Amastra aemulator is a species of air-breathing land snail, a terrestrial pulmonate gastropod mollusc in the family Amastridae.

==Description==
The length of the shell attains 15.5 mm, its diameter 8.6 mm.

(Original description) The shell contains seven whorls. The shell is narrowly perforate, ovate-pyramidal, and moderately solid. The spire's outlines are nearly straight at the base, becoming slightly concave near the apex. The whorls are slightly convex and relatively short. The 2½ whorls of the protoconch are a dull purplish color and very finely and regularly striate when unworn. The subsequent whorls are irregularly wrinkle-striate, with the cuticle initially light olive, transitioning to olive-brown on the last two whorls.
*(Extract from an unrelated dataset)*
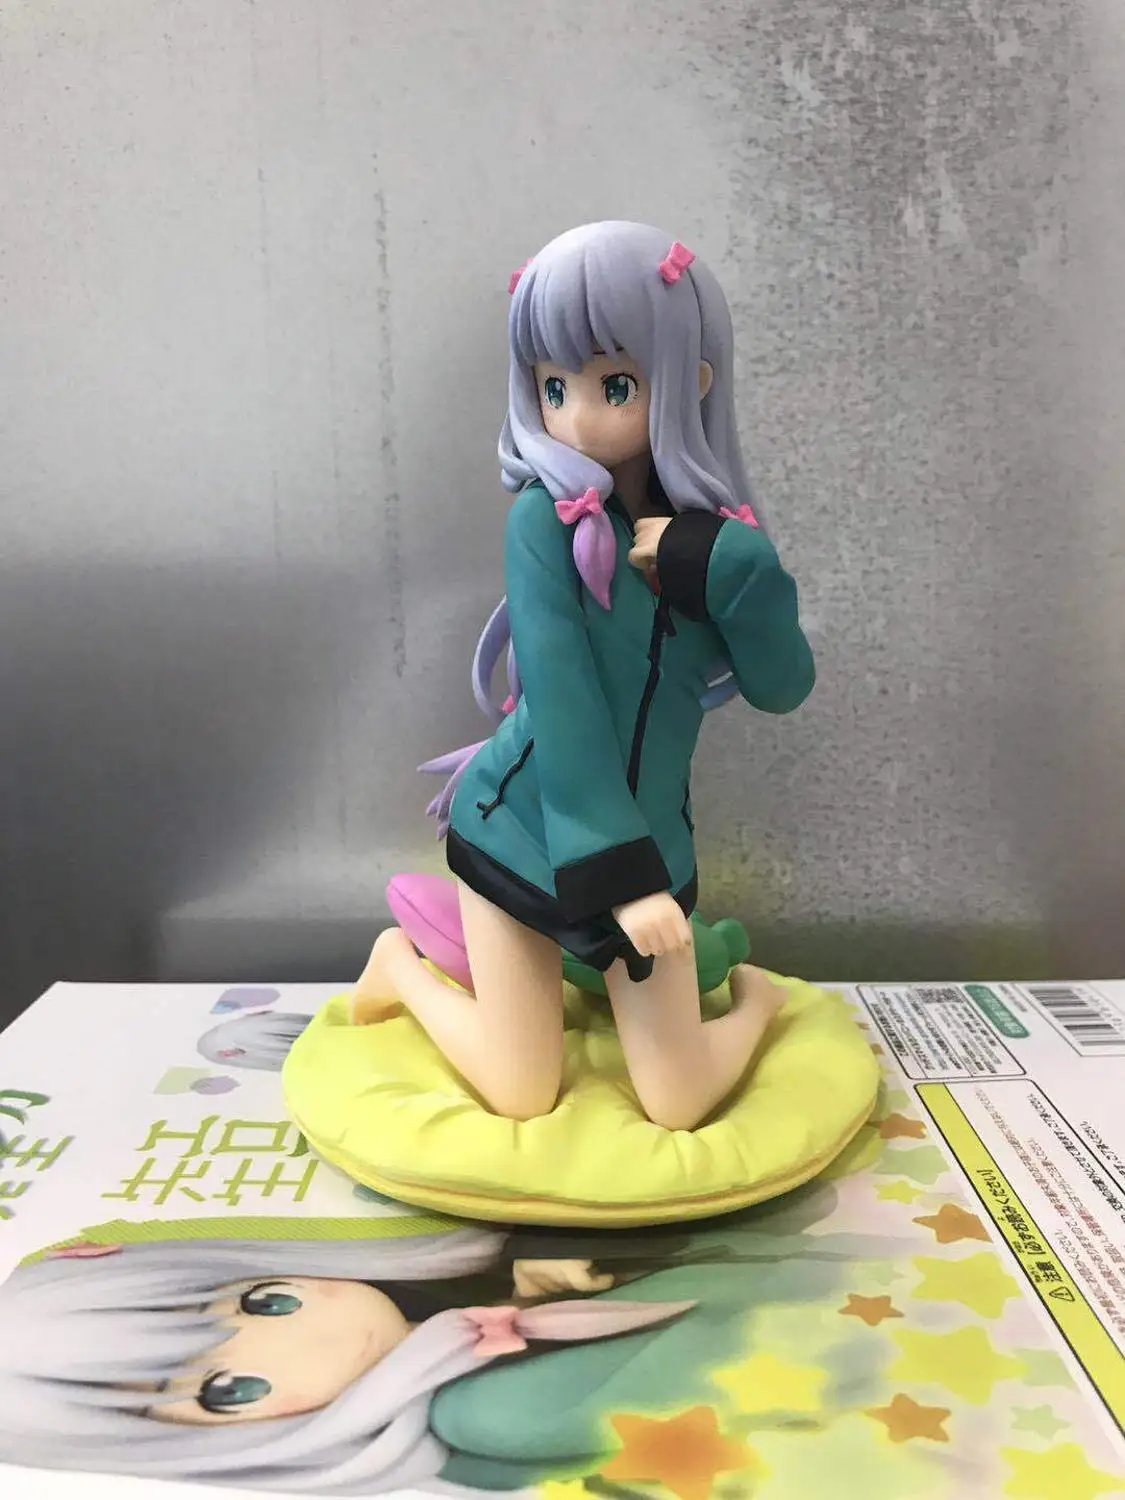 Новая фигурка 14 см-18 см японского аниме "eromanga-Sensei" фигурка Идзуми сагири Милая сексуальная девушка фигурка игрушка модель Фигурка - Цвет: Зеленый

The surface is somewhat glossy, but where the cuticle is worn away, it reveals a dull gray and purplish-brown calcareous layer beneath.

The aperture is small, slightly oblique, and dull purplish-gray inside, becoming paler with a barely perceptible thickening near the lip. The columella is short, thick, and whitish, featuring a subhorizontal lamella. The parietal callus is very thick, its edge forming a ledge that seamlessly connects the ends of the lip.

==Distribution==
This species is endemic to Hawaii and occurs on Oahu Island.